» **Goal of the exercise**
Every line below must be reproduced exactly; no pictures are to be included.
***** Data shown *****
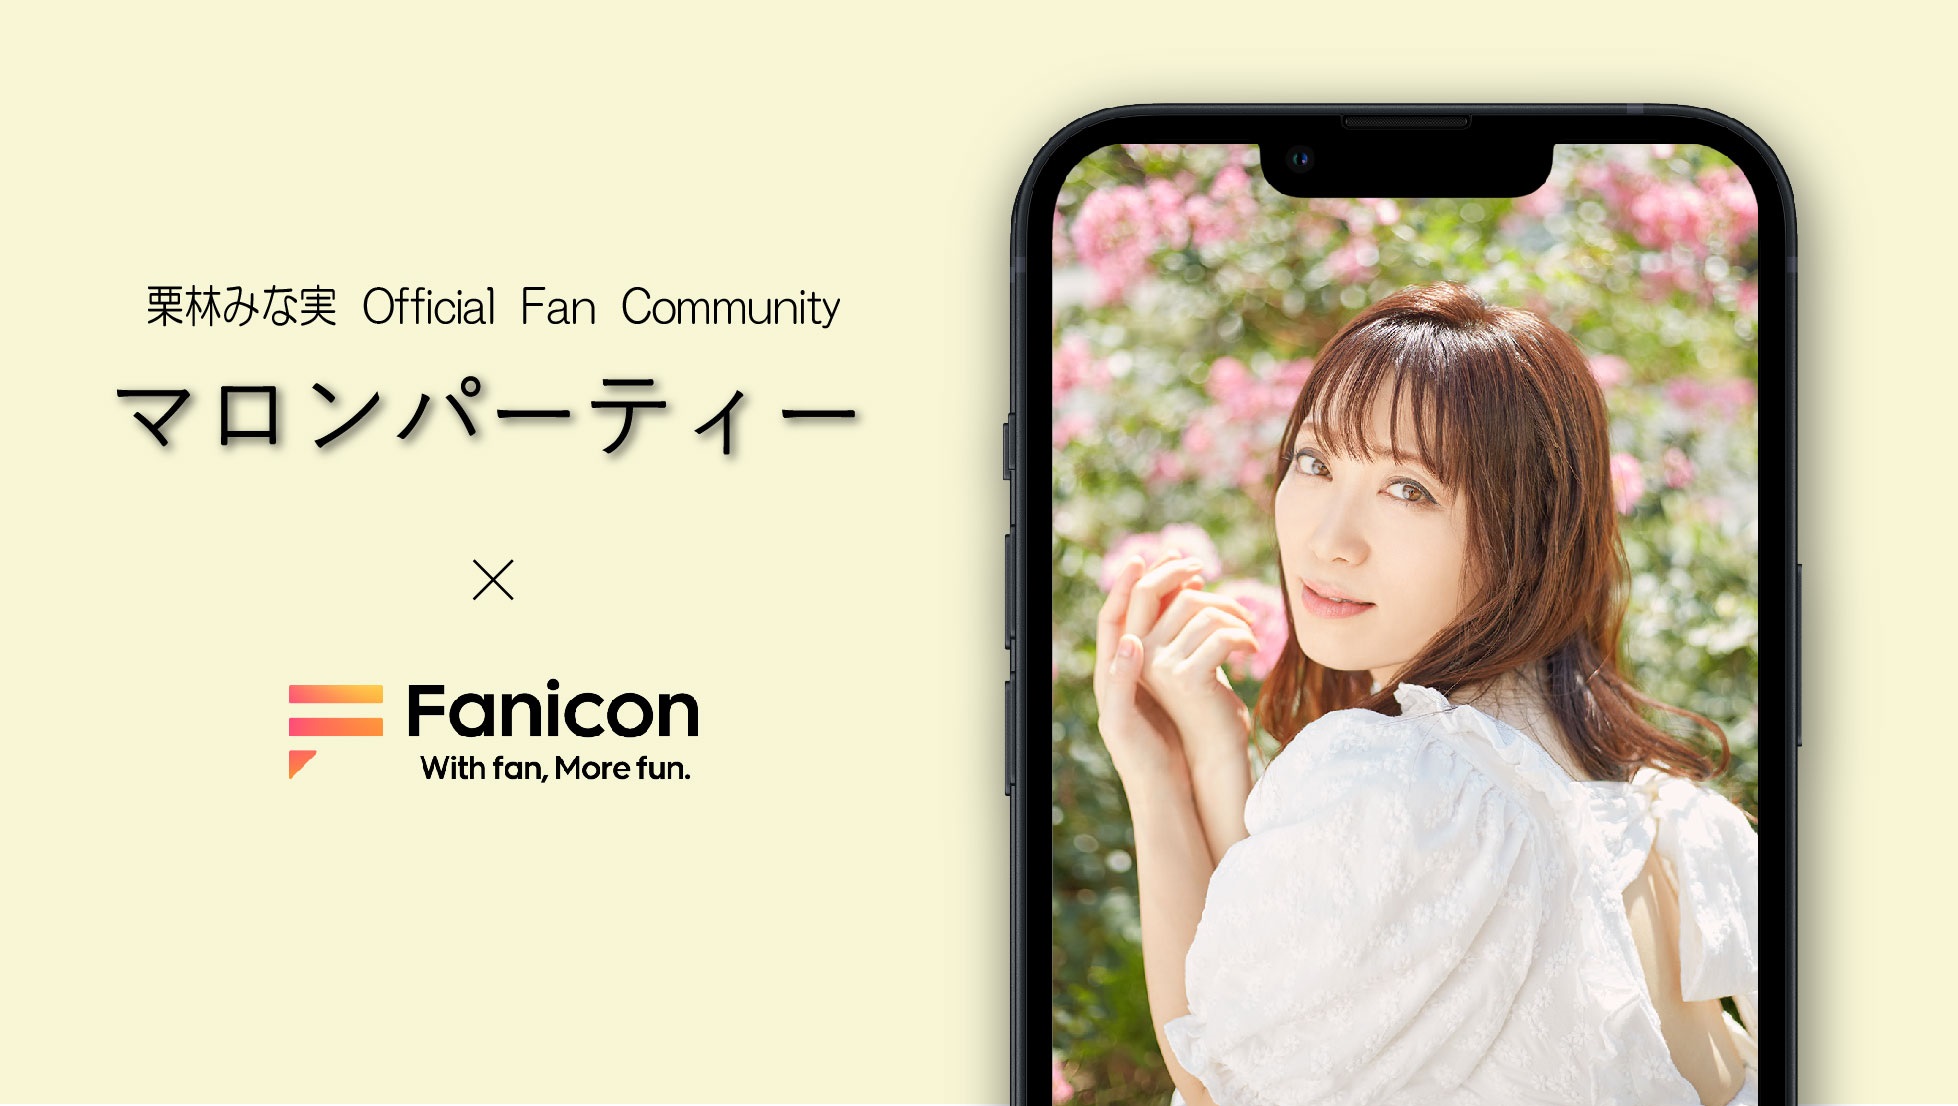 会員制ファンコミュニティプラットフォーム「Fanicon」に栗林みな実の公式ファンコミュニティ【マロンパーティー】を開設
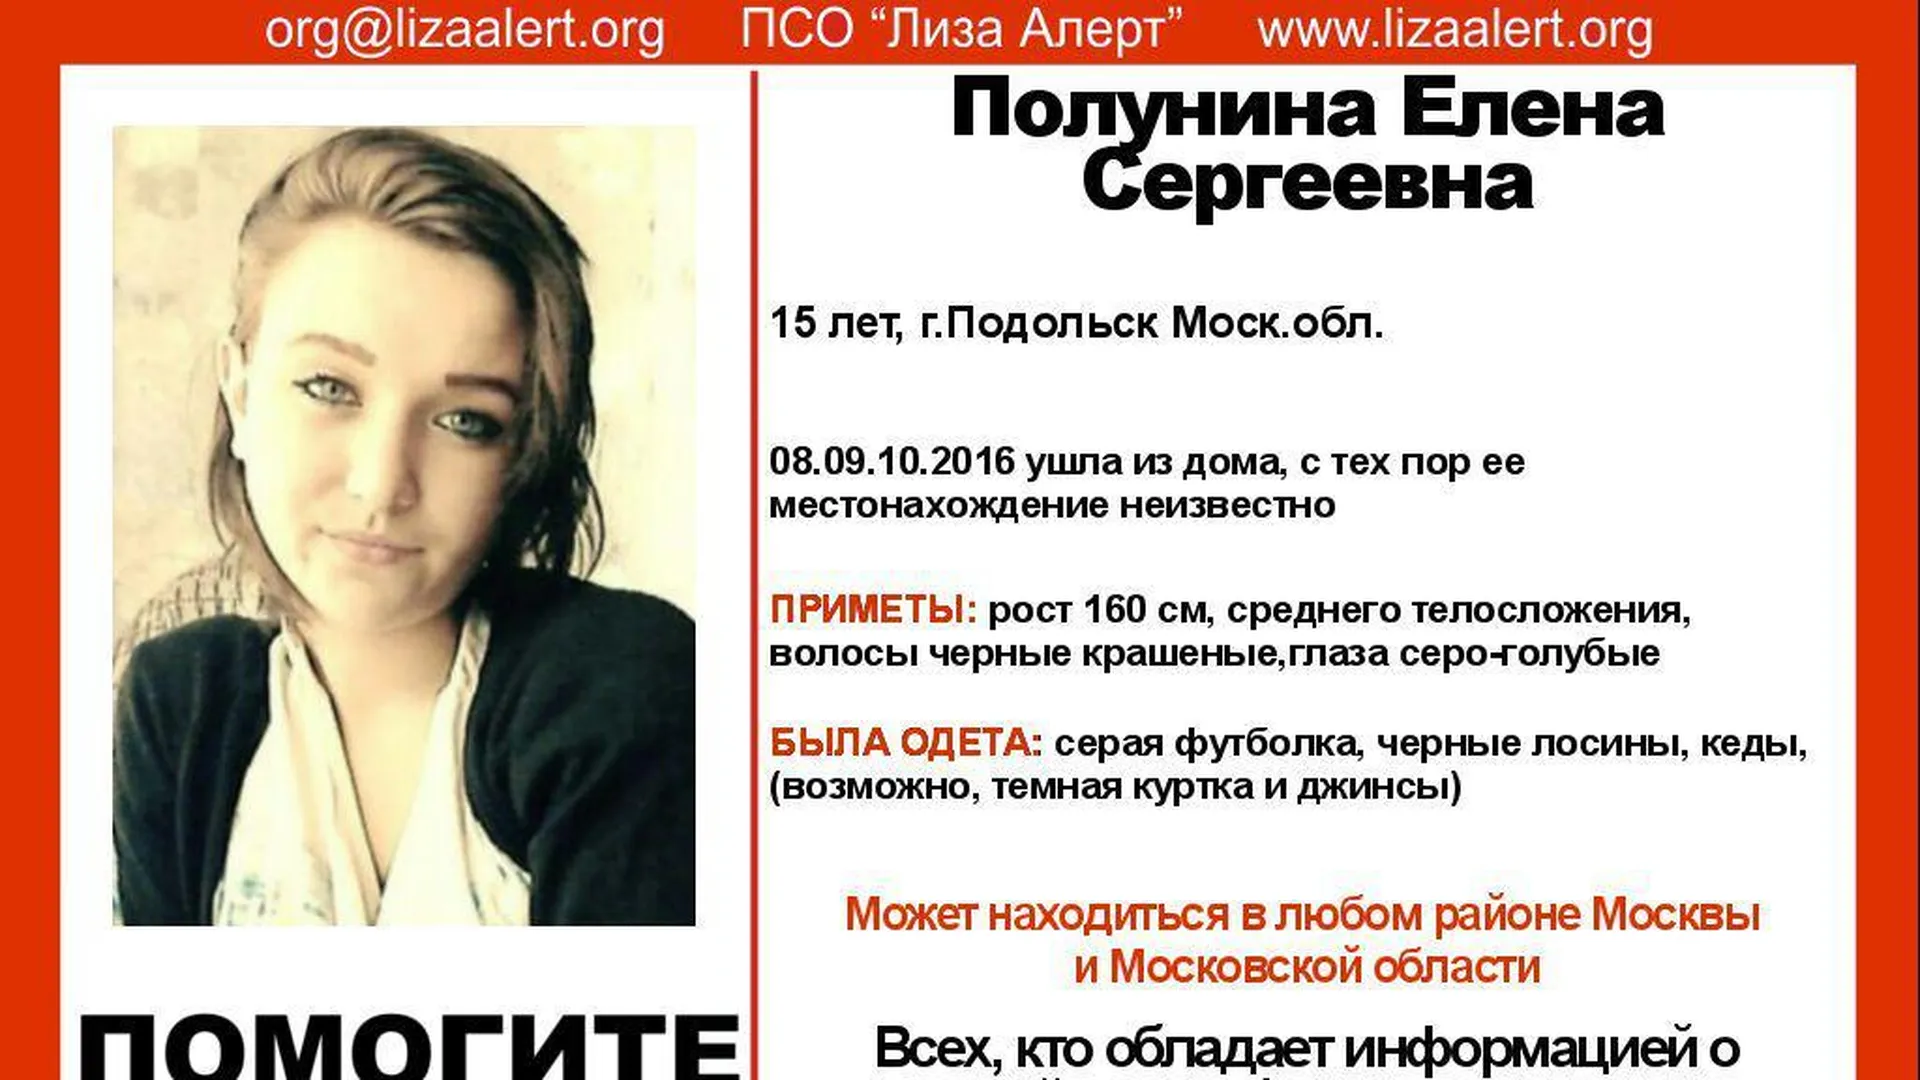 Пятнадцатилетнего подростка ищут в течение трех недель в Подольске
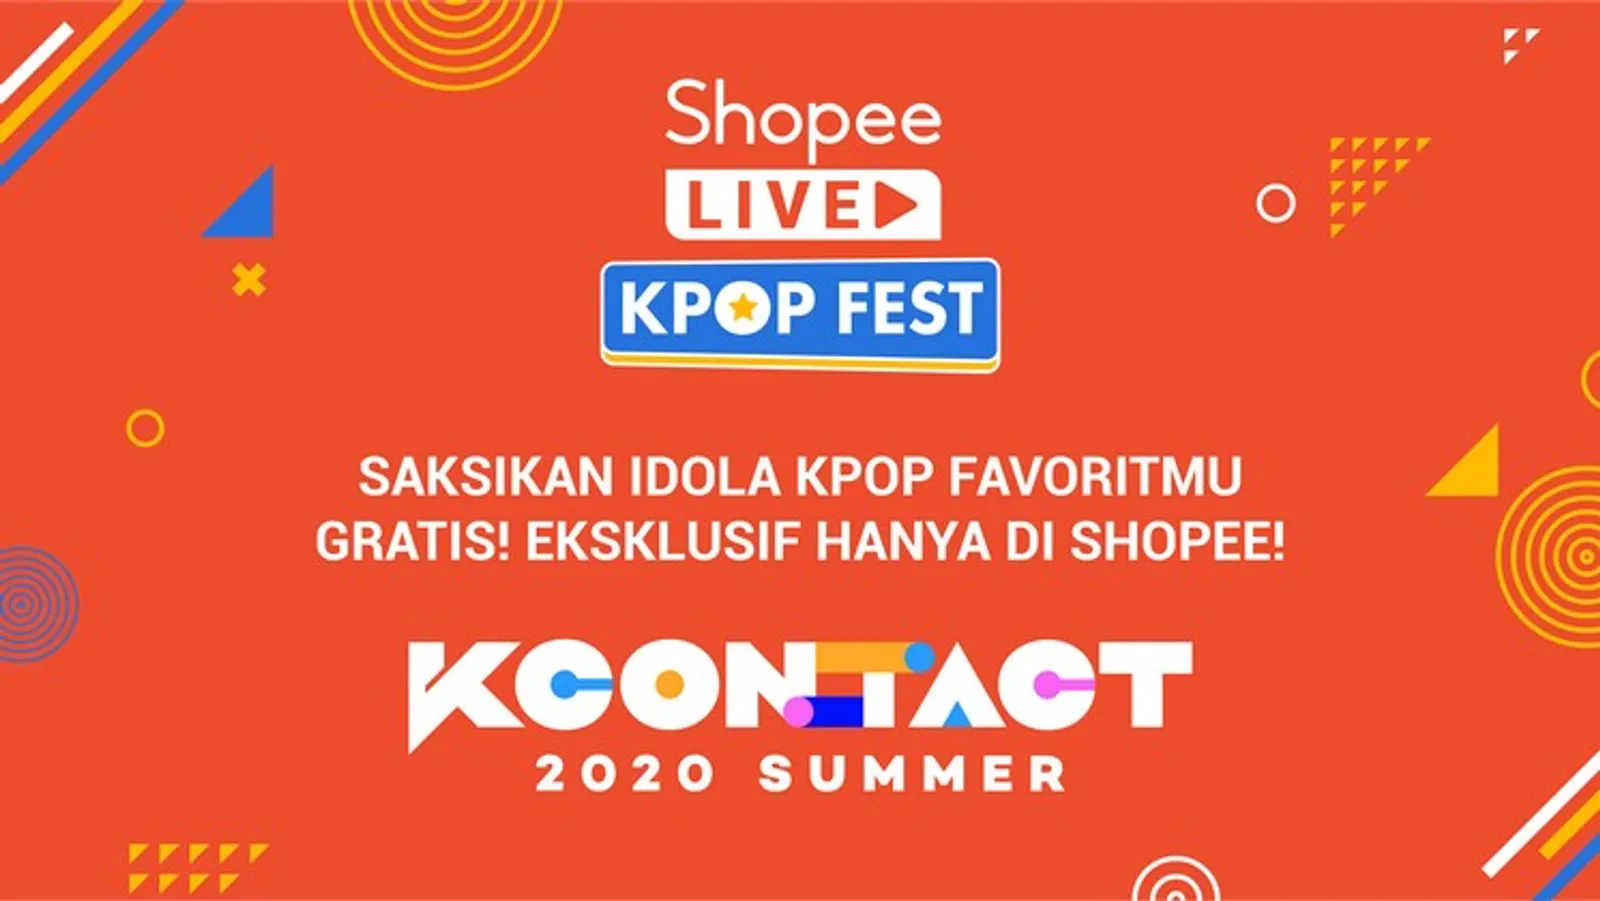 Seru Banget, Nantikan KCON 2020 di Shopee Live Kpop Fest, GRATIS!
*****
» **Result**
 会員制ファンコミュニティプラットフォーム「Fanicon」に栗林みな実の公式ファンコミュニティ【マロンパーティー】を開設
 Пятнадцатилетнего подростка ищут в течение трех недель в Подольске
 Seru Banget, Nantikan KCON 2020 di Shopee Live Kpop Fest, GRATIS!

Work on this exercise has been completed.